*Given records*
■ ■ ■ ■ ■
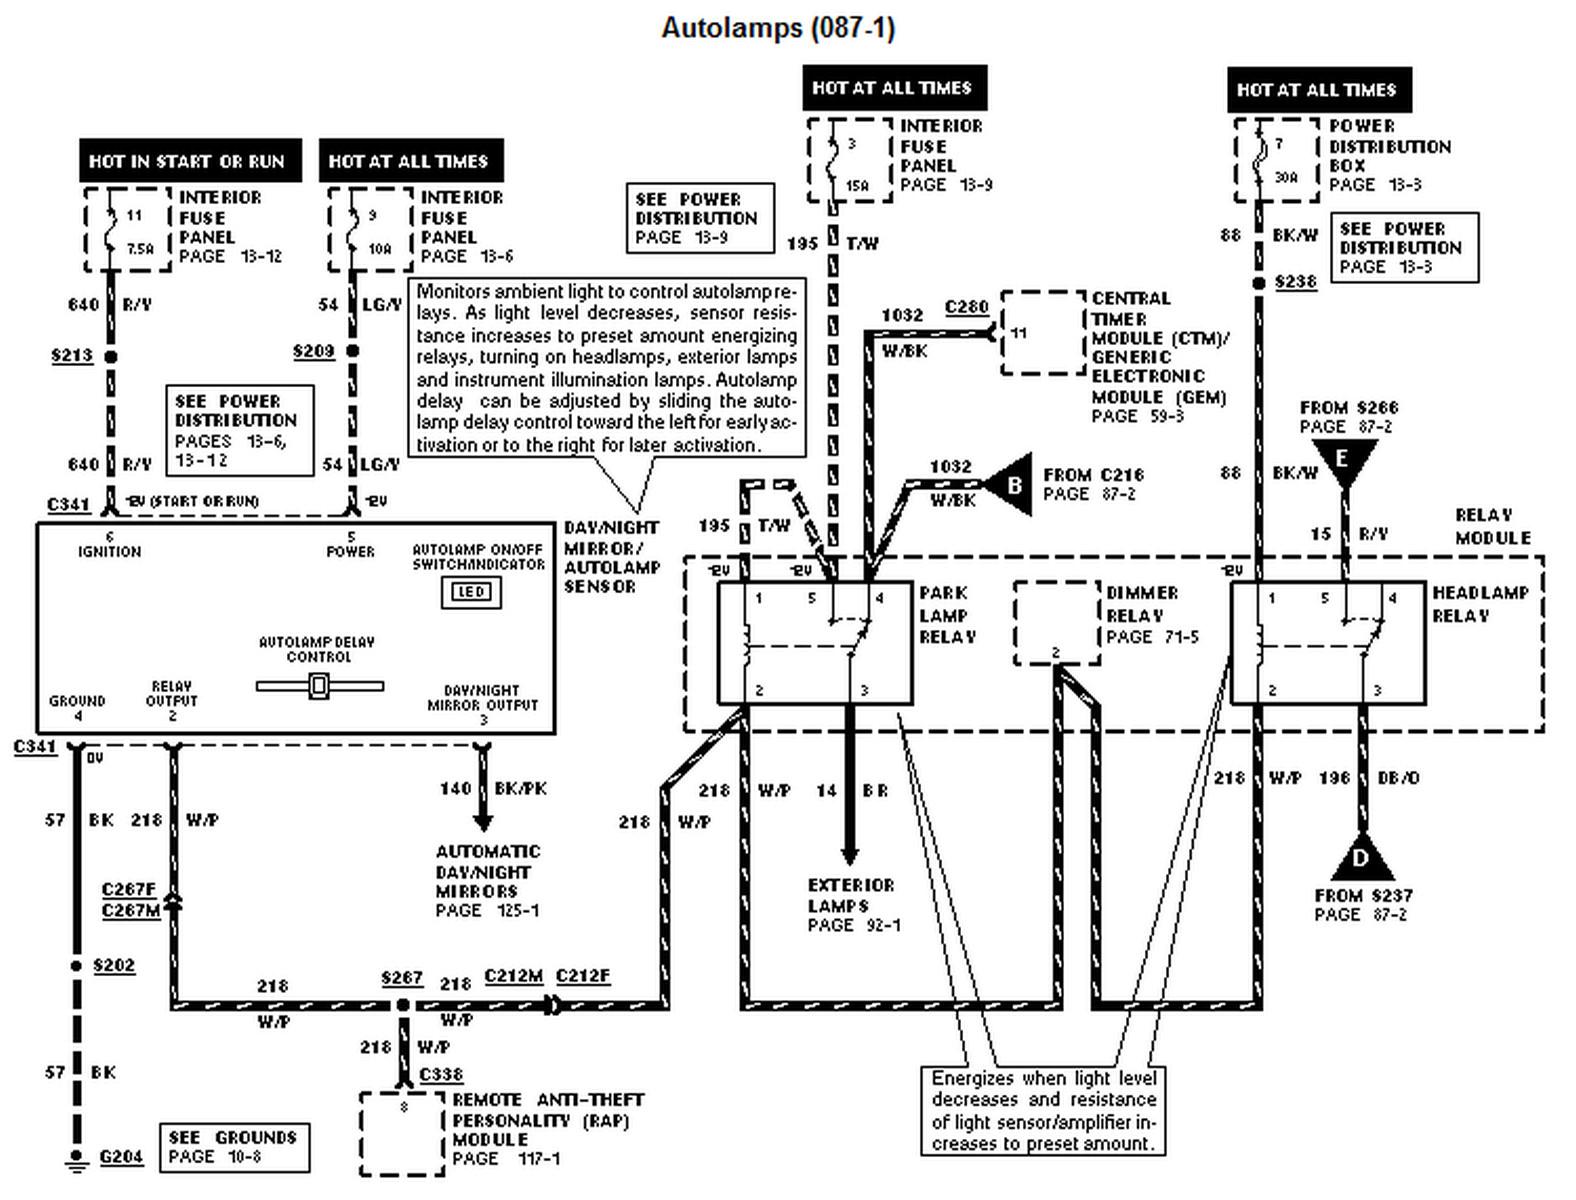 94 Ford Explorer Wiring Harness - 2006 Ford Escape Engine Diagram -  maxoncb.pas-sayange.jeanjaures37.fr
■ ■ ■ ■ ■
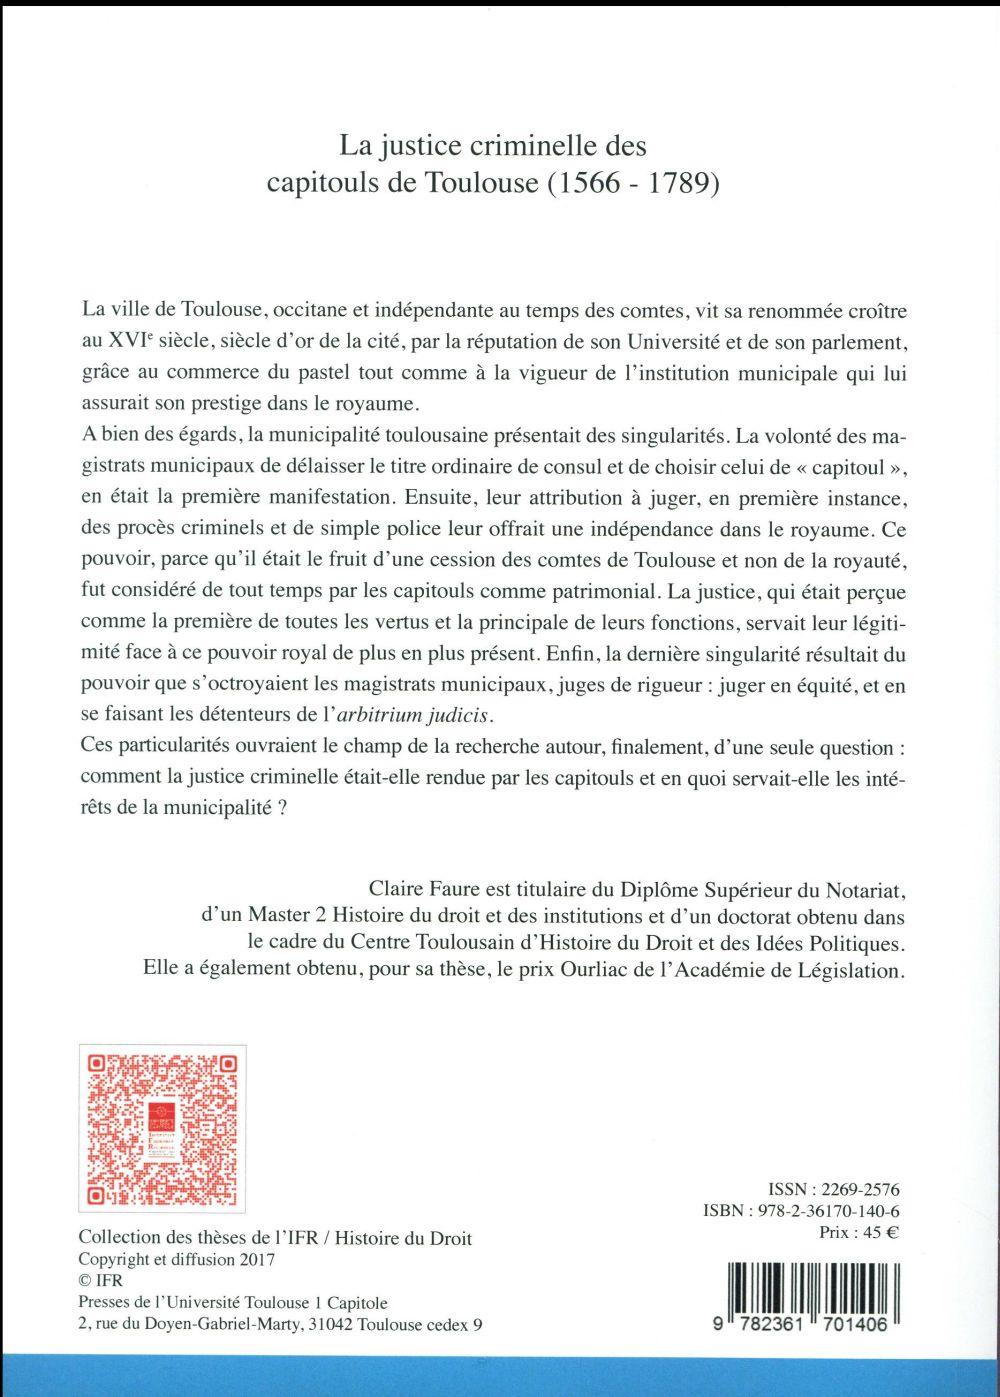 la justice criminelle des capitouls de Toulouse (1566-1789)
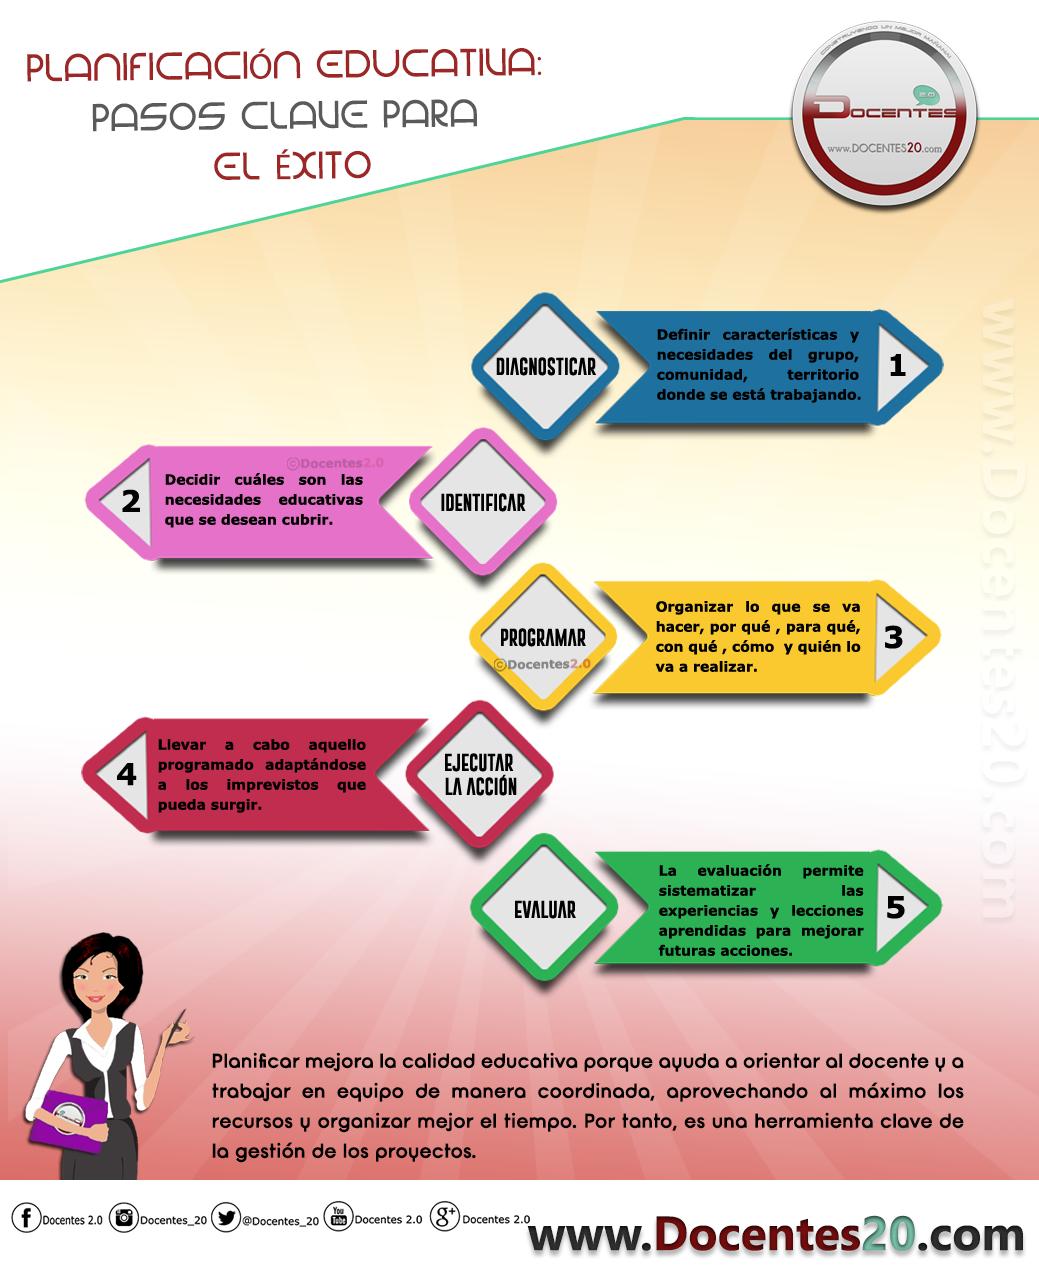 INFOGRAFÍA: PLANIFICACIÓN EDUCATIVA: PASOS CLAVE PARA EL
■ ■ ■ ■ ■
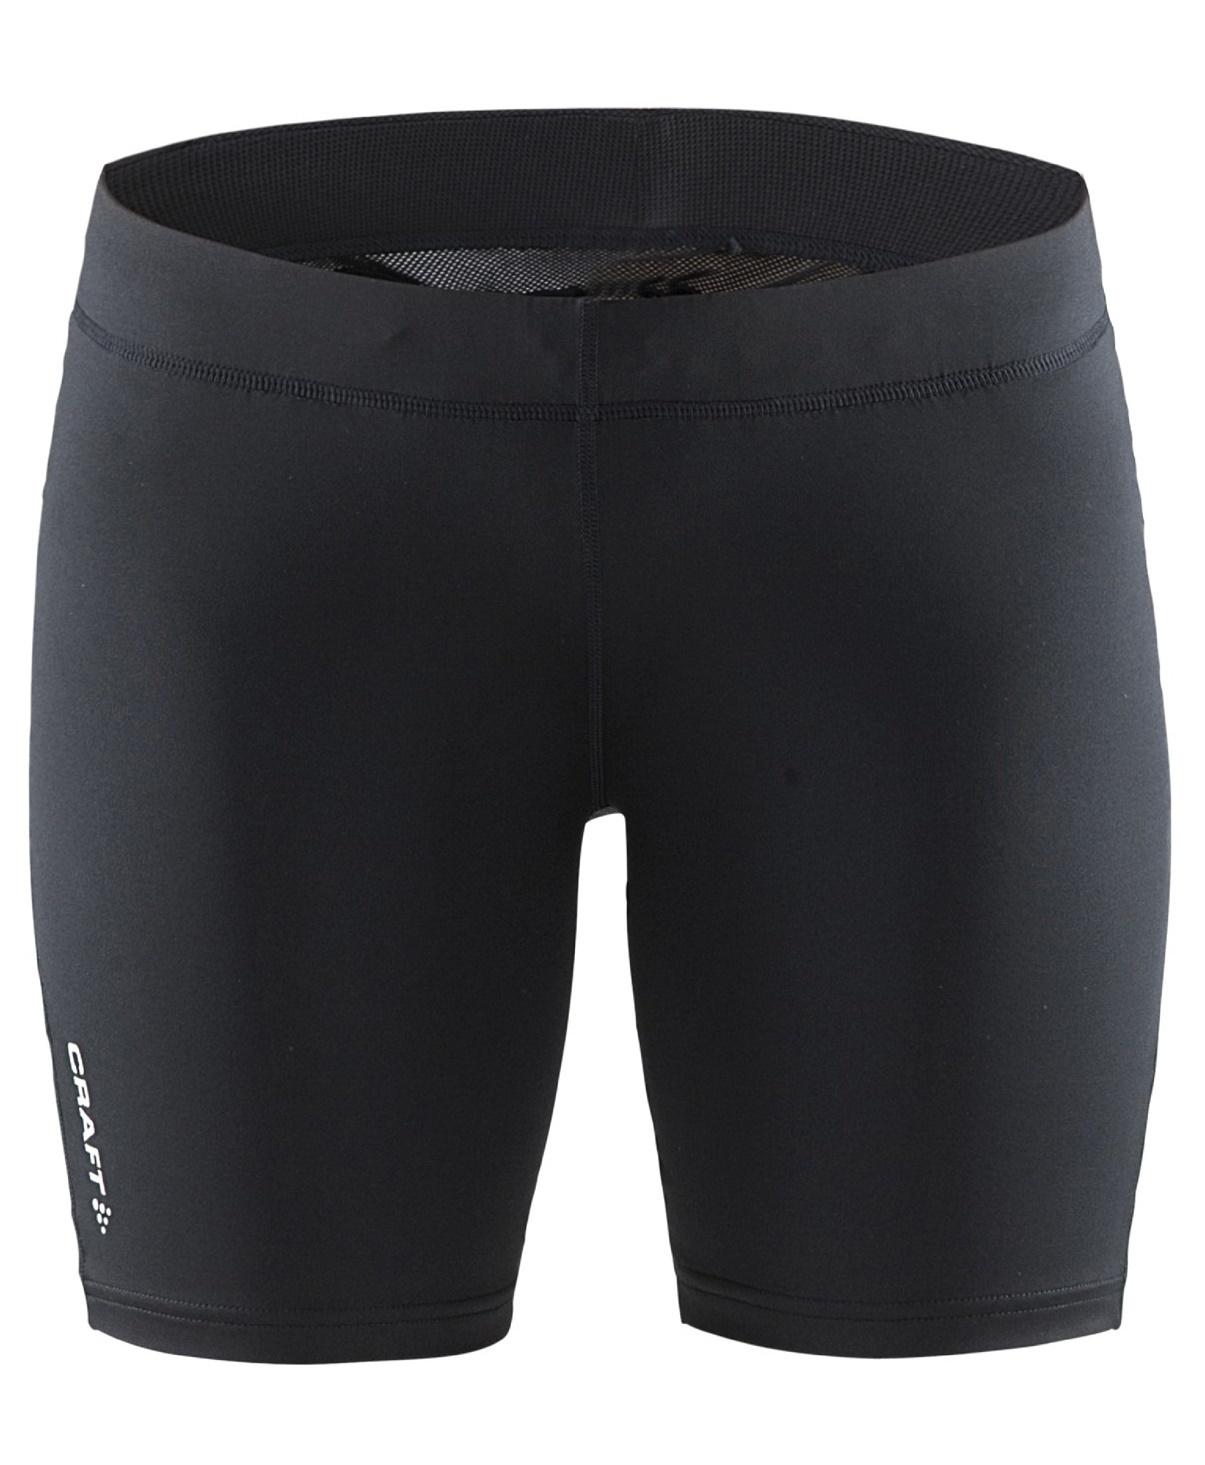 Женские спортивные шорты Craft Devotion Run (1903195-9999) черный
■ ■ ■ ■ ■
*Exercise instructions*
Reproduce exactly the lines of the data above that run from the line with "la justice criminelle" down to the line with "INFOGRAFÍA: PLANIFICACIÓN EDUCATIVA: PASOS", both ends included. Pictures do not belong in the copy.

*Response area*
 la justice criminelle des capitouls de Toulouse (1566-1789)
 INFOGRAFÍA: PLANIFICACIÓN EDUCATIVA: PASOS CLAVE PARA EL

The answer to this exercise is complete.